On Wed, Jan 22, 2025 at 06:33:04PM +0100, Christian Borntraeger wrote:
> Am 22.01.25 um 15:44 schrieb Boyer, Andrew:
> [...]
>
> > > > > --- a/drivers/block/virtio_blk.c
> > > > > +++ b/drivers/block/virtio_blk.c
> > > > > @@ -379,14 +379,10 @@ static void virtio_commit_rqs(struct
> > > > > blk_mq_hw_ctx *hctx)
> > > > > {
> > > > > struct virtio_blk *vblk = hctx->queue->queuedata;
> > > > > struct virtio_blk_vq *vq = &vblk->vqs[hctx->queue_num];
> > > > > - bool kick;
> > > > > spin_lock_irq(&vq->lock);
> > > > > - kick = virtqueue_kick_prepare(vq->vq);
> > > > > + virtqueue_kick(vq->vq);
> > > > > spin_unlock_irq(&vq->lock);
> > > > > -
> > > > > - if (kick)
> > > > > - virtqueue_notify(vq->vq);
> > > > > }
> > > >
> > > > I would assume this will be a performance nightmare for normal IO.
> > >
> >
> > Hello Michael and Christian and Jason,
> > Thank you for taking a look.
> >
> > Is the performance concern that the vmexit might lead to the underlying
> > virtual storage stack doing the work immediately?
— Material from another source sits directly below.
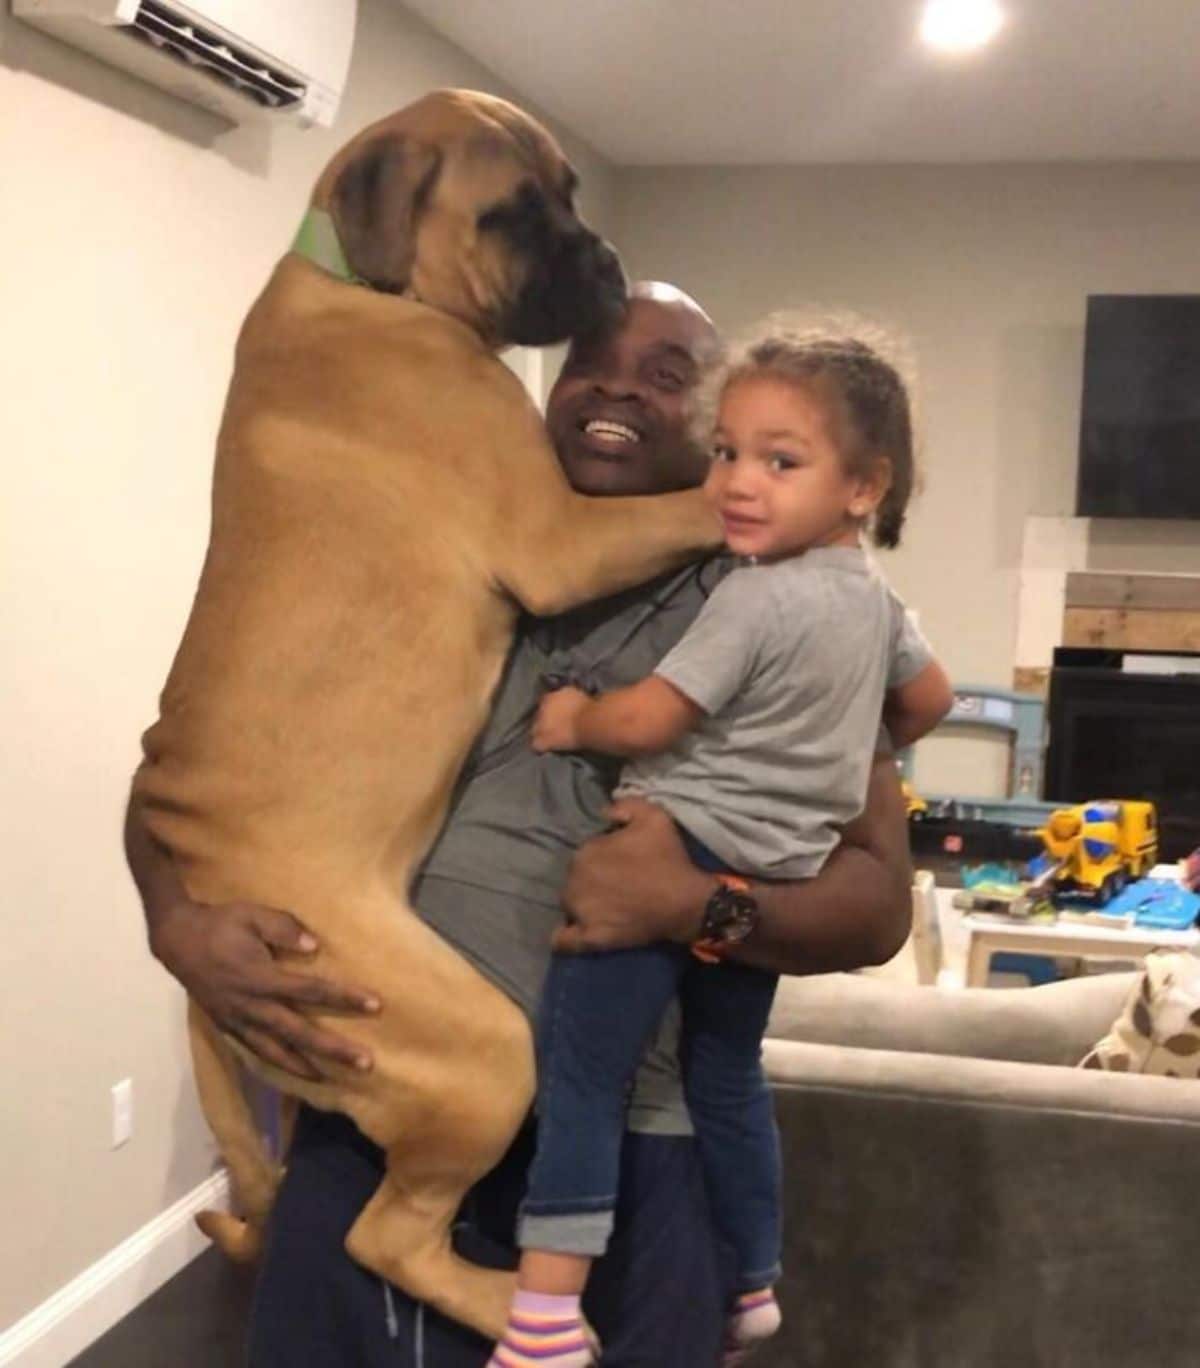 man carrying a large brown dog on his right and a little girl on his left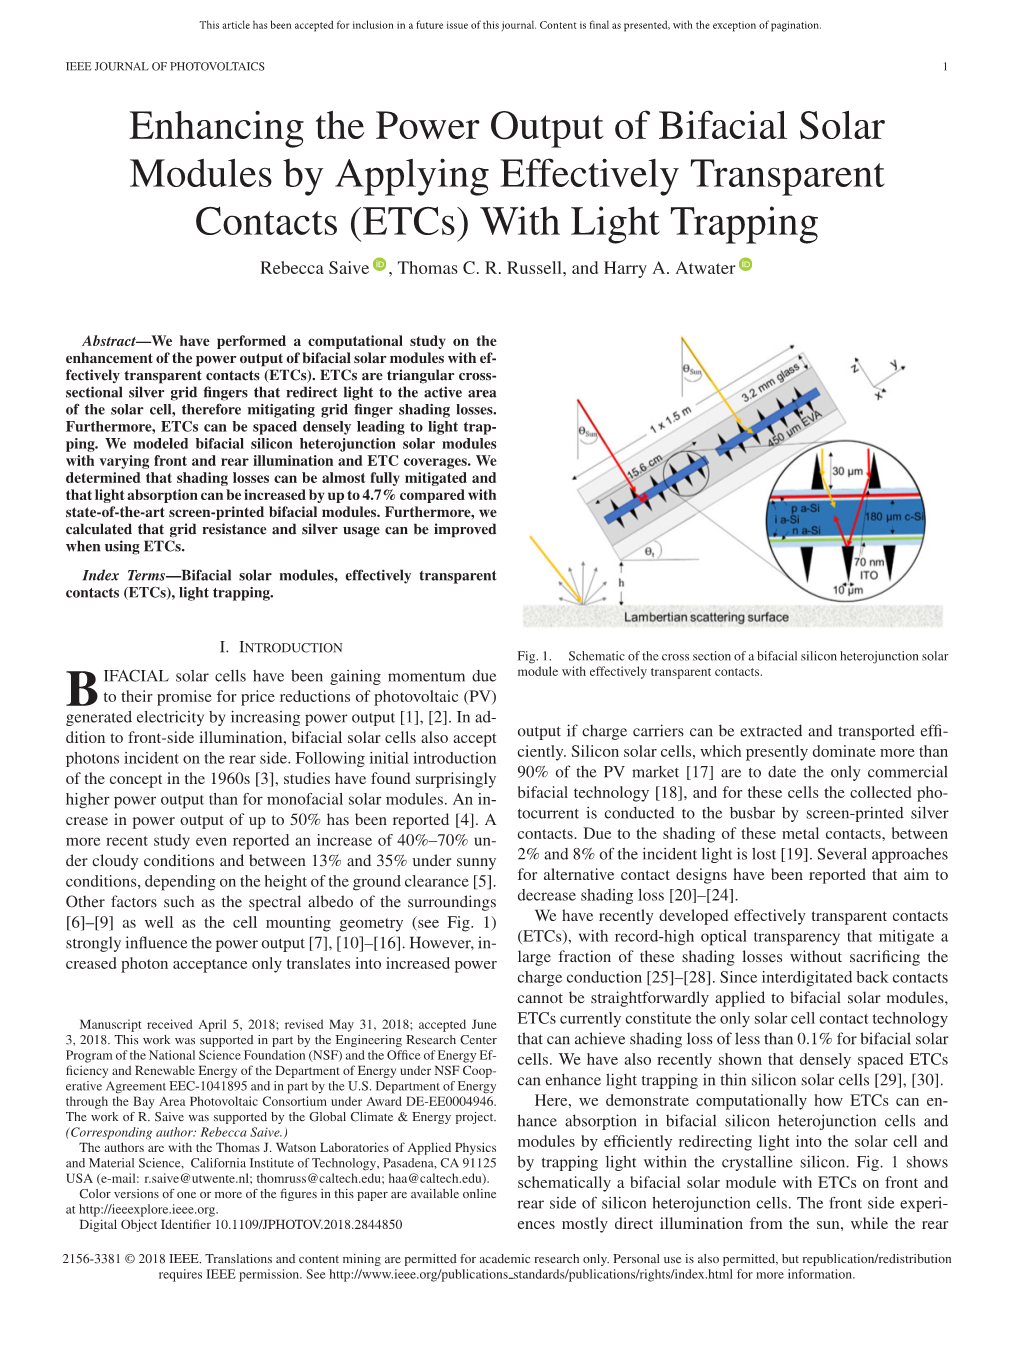 Enhancing the Power Output of Bifacial Solar Modules by Applying Effectively Transparent Contacts (Etcs) with Light Trapping Rebecca Saive , Thomas C

Any other job posting to
> > the same queue would presumably be blocked on a vmexit when it goes to
> > attempt its own notification. That would be almost the same as having the
> > other job block on a lock during the operation, although I guess if you are
> > skipping notifications somehow it would look different.
>
> The performance concern is that you hold a lock and then exit. Exits are
> expensive and can schedule so you will increase the lock holding time
> significantly. This is begging for lock holder preemption.
> Really, dont do it.
The issue is with hardware that wants a copy of an index sent to
it in a notification. Now, you have a race:
thread 1:
index = 1
-> -> send 1 to hardware
thread 2:
index = 2
-> send 2 to hardware
the spec unfortunately does not say whether that is legal.
As far as I could tell, the device can easily use the
wrap counter inside the notification to detect this
and simply discard the "1" notification.
If not, I'd like to understand why.
Thanks!
--
MST